# Thread: how to use part A in order to solve pard B

1. ## how to use part A in order to solve pard B

part A(i managed to solve it):
X is a variable of $M_{3X3}$
$
D=\bigl(\begin{smallmatrix}
\lambda_1 &0 &0 \\
0 & \lambda_2& 0\\
0&0 &\lambda_3
\end{smallmatrix}\bigr)
$

where
$\lambda_1,\lambda_2,\lambda_3$ are different rational numbers.
solve XD=DX for X.

solution:

$
\bigl(\begin{smallmatrix}
x_{11}& x_{12} & x_{13}\\
x_{21}&x_{22} &x_{23} \\
x_{31}&x_{32} &x_{33}
\end{smallmatrix}\bigr)\bigl(\begin{smallmatrix}
\lambda_1 &0 &0 \\
0 & \lambda_2& 0\\
0&0 &\lambda_3
\end{smallmatrix}\bigr)=$
$\bigl(\begin{smallmatrix}
\lambda_1 &0 &0 \\
0 & \lambda_2& 0\\
0&0 &\lambda_3
\end{smallmatrix}\bigr)\bigl(\begin{smallmatrix}
x_{11}& x_{12} & x_{13}\\
x_{21}&x_{22} &x_{23} \\
x_{31}&x_{32} &x_{33}
\end{smallmatrix}\bigr)
$

so i get
$
\bigl(\begin{smallmatrix}
x_{11}\lambda_1& x_{12}\lambda_2 & x_{13}\lambda_3\\
x_{21}\lambda_1&x_{22}\lambda_2 &x_{23}\lambda_3 \\
x_{31}\lambda_1&x_{32}\lambda_2 &x_{33}\lambda_3
\end{smallmatrix}\bigr)=\bigl(\begin{smallmatrix}
x_{11}\lambda_1& x_{12}\lambda_1 & x_{13}\lambda_1\\
x_{21}\lambda_2&x_{22}\lambda_2 &x_{23}\lambda_2 \\
x_{31}\lambda_3&x_{32}\lambda_3 &x_{33}\lambda_3
\end{smallmatrix}\bigr)$

so for both side to be equal X must be of diagonal structure
every member must be zero except the diagonal
because the lambda values are given as different.
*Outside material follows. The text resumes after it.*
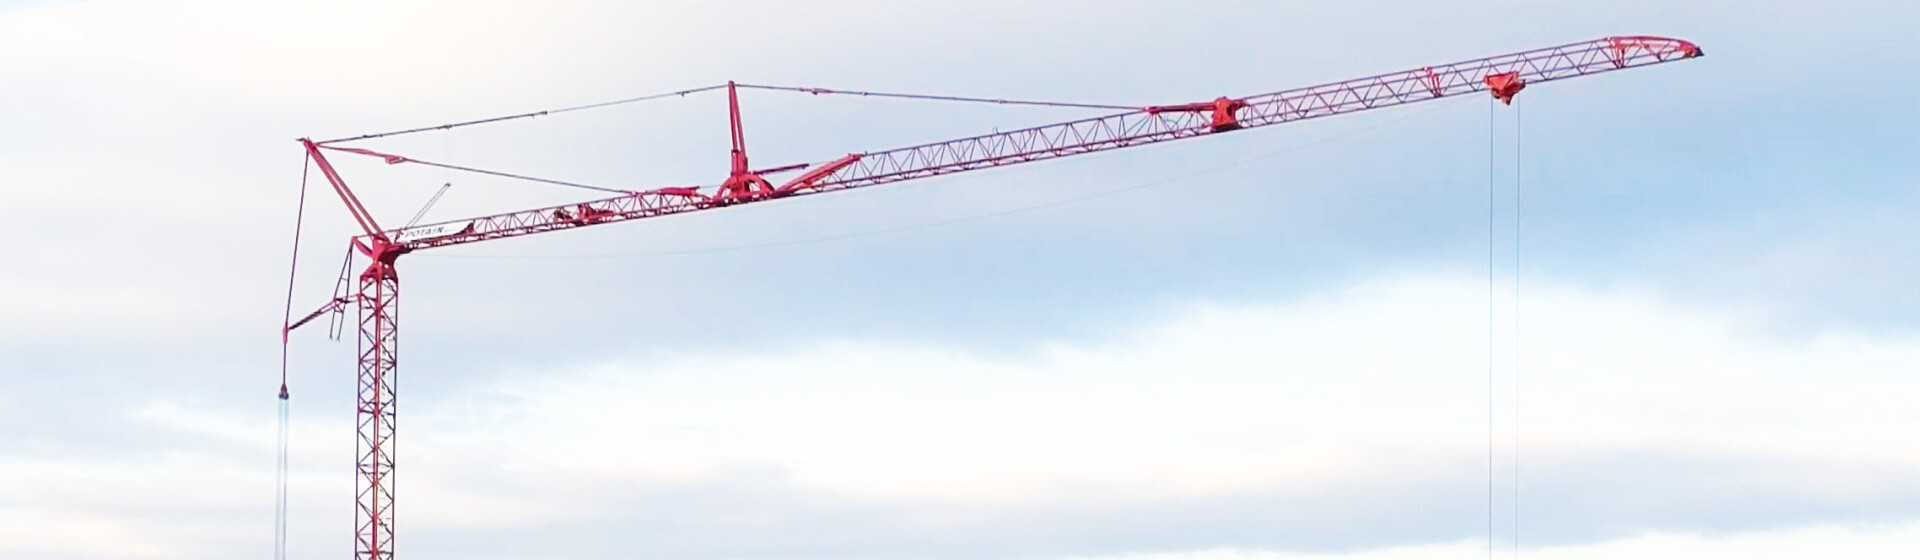 Cedar-Run-Construction-replaces-fleet-of-telehandlers-with-one-Potain-self-erecting-crane-1.jpg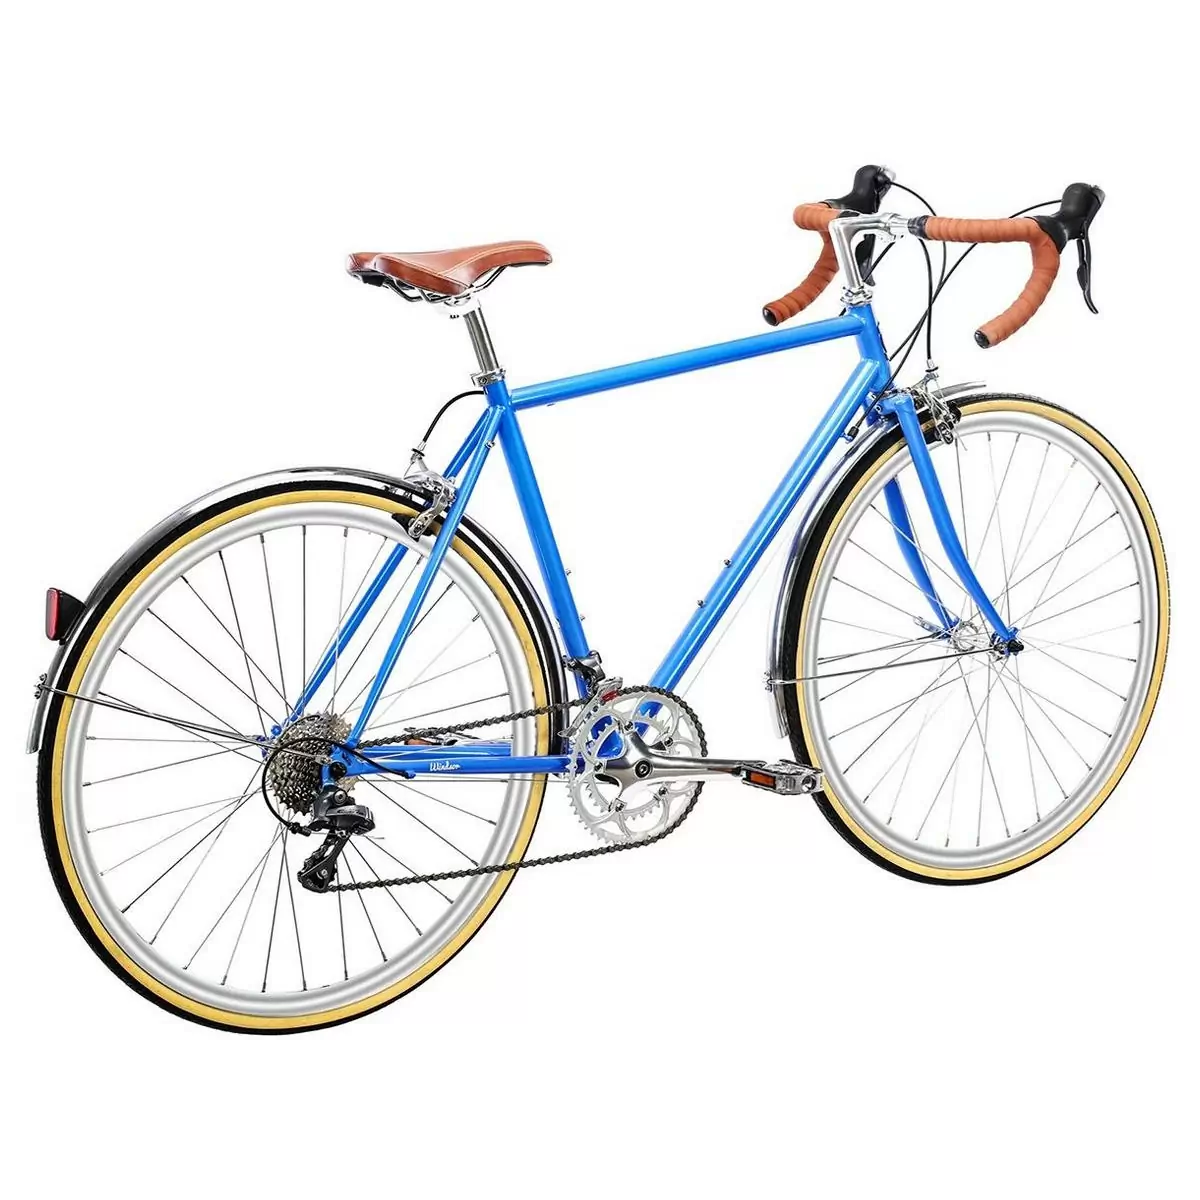 Bicicleta urbana TROY 16spd azul windsor médio 54cm #2

part B(the one that i dont understand):
$
A=\bigl(\begin{smallmatrix}
13& -42 & 0\\
7&-22 &0\\
0&0&3
\end{smallmatrix}\bigr)$

what is the solution space of XA=AX (use part A)??

i tried
XA=AX
XPDP^-1=PDP^-1X (multiplying by p from the right)
XPDP^-1P=PDP^-1XP
XPD=PDP^-1XP (multiplying by p^-1 from the left)
P^-1XPD=P^-1PDP^-1XP
P^-1XPD=DP^-1XP

another thing i could find is the eigen values of the matrix
i got
$\lambda_1=-1$ and $\lambda_2=-8$
and $\lambda_3=3$

P^-1AP $=\bigl(\begin{smallmatrix}
-1& 0 & 0\\
0&-8 &0\\
0&0&3
\end{smallmatrix}\bigr)$

i can substitute A by X but whats to do next??

2. Hi

P^-1XPD=DP^-1XP

Let Y be P^-1XP
YD=DY

From part A you know that Y must be of diagonal structure

$
\bigl(\begin{smallmatrix}
y_{11}& 0 & 0\\
0&y_{22} &0 \\
0&0 &y_{33}
\end{smallmatrix}\bigr)$

And X=PYP^-1

Find P and you will get the general form of X

3. but i found the diagonolized form
$
\bigl(\begin{smallmatrix}
-1& 0 & 0\\
0&-8 &0\\
0&0&3
\end{smallmatrix}\bigr)
$

and i got the original as a given
$
\bigl(\begin{smallmatrix}
13& -42 & 0\\
7&-22 &0\\
0&0&3
\end{smallmatrix}\bigr)
$

i cant really see how am i supposed to use part A
??